INMO opposes plan for more beds in Dingle Hospital
HSE proposals to provide more beds at the West Kerry Community Hospital in Dingle are bad for both staff and patients, according to the INMO which is resisting the move.
The hospital, which was built at a cost of €16.4 million, has never operated at full capacity since it opened in October 2010. The hospital has a capacity of 54 beds but just 46 beds are currently in use. However, the eight unused beds were commissioned and registered with HIQA last September and the HSE now plans to bring them into use in response to huge local demand for care facilities for the elderly.
This move is being resisted by the INMO, which represents nurses at the hospital. The INMO insists that increasing patient numbers, without a matching increase in the number of nurses, will put intolerable pressure on staff and will impact negatively on the quality of patient care.
A HSE spokesperson said this week that, “management is seeking to reach agreement with the INMO in relation to staffing and rosters and has sought the assistance of the WRC [ Workplace Relations Commission] in order to resolve this issue and increase the capacity from 46 to its full capacity of 54.”
The dispute will be discussed at a meeting of the WRC this Thursday and at that meeting the INMO is going to seek an independent evaluation of appropriate staffing levels at the hospital.

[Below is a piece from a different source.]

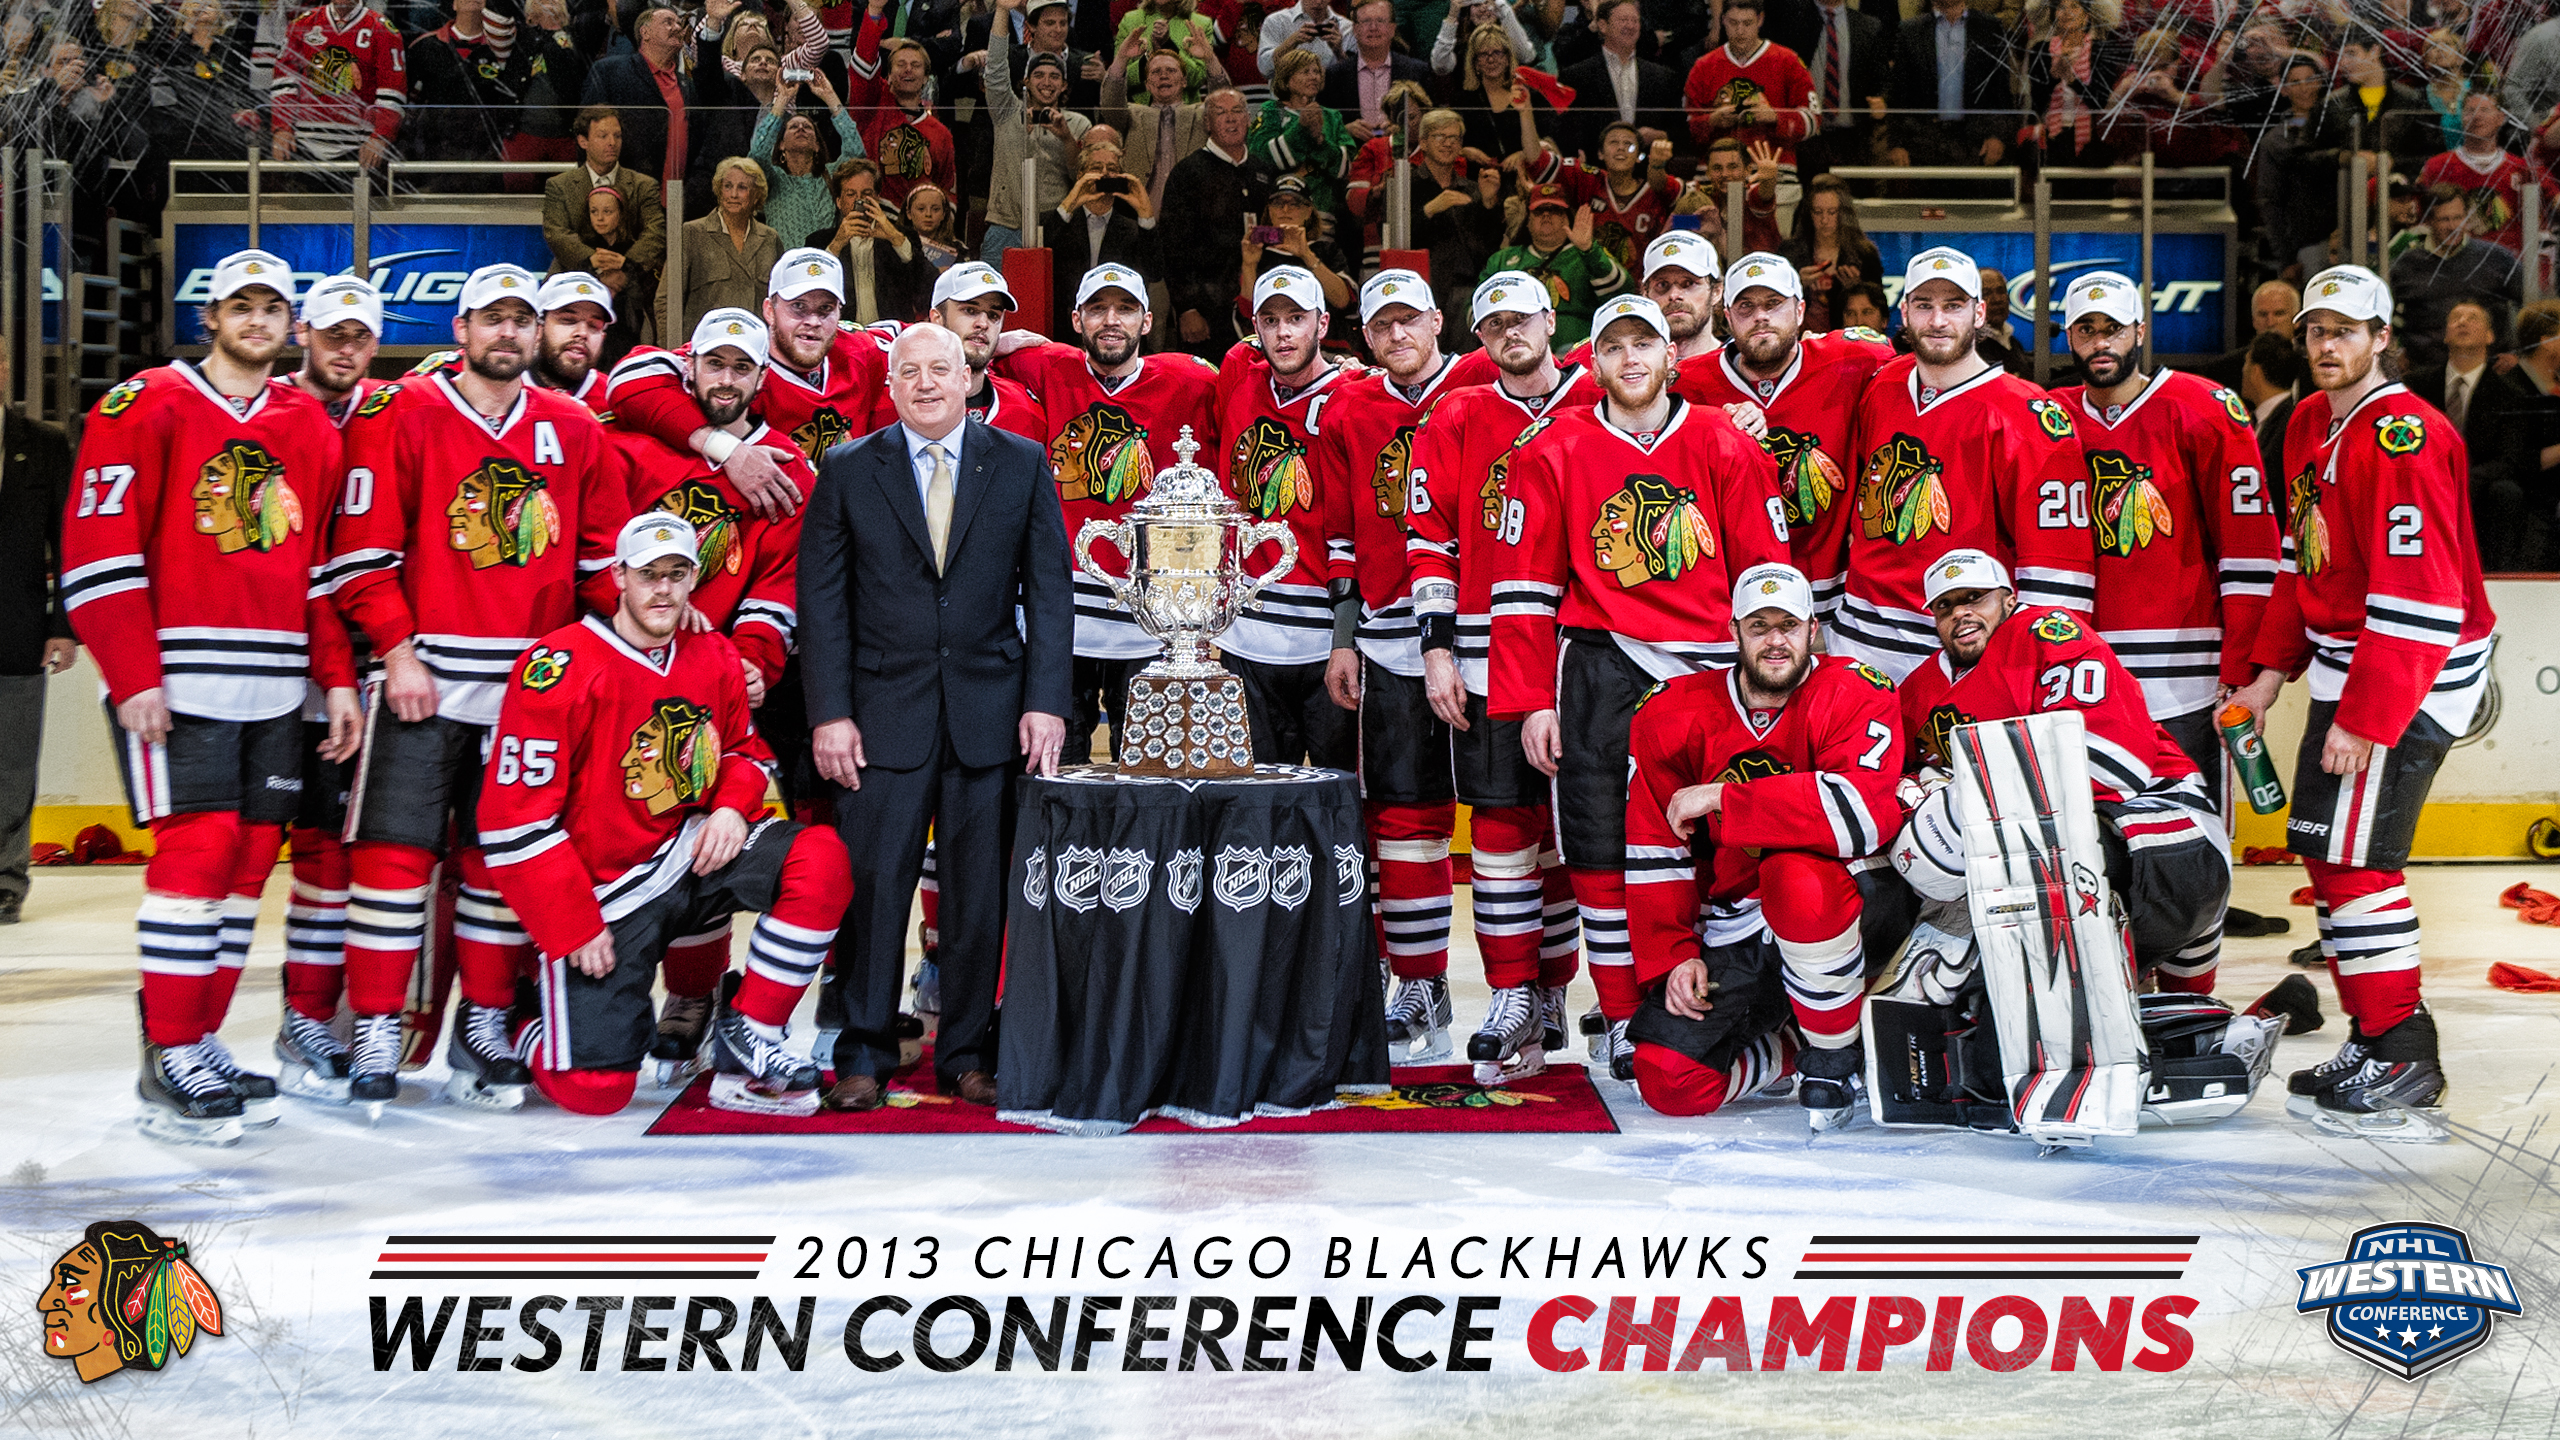 Blackhawks Wallpaper Stanley Cup - 3894.2KB

INMO Industrial Relations Officer Michael Dineen told The Kerryman that the INMO and the HSE had an agreement in 2010 for 46 beds and the equivalent of 18.5 nursing posts in the hospital. However, he said the HSE now plans to open eight more beds at the hospital while reducing staff numbers to 18.
He said this was a “purely economic response to the delivery of care”, which would put too much pressure on staff and would deny patients proper care.
Mr Dineen added that, last July, Dingle Hospital staff themselves devised a roster to give what they felt would be a better work – life balance. “They’re continuing that arrangement but we have huge concerns about HSE proposals to open additional beds with staffing levels that would be lower than those agreed in 2010,” he said.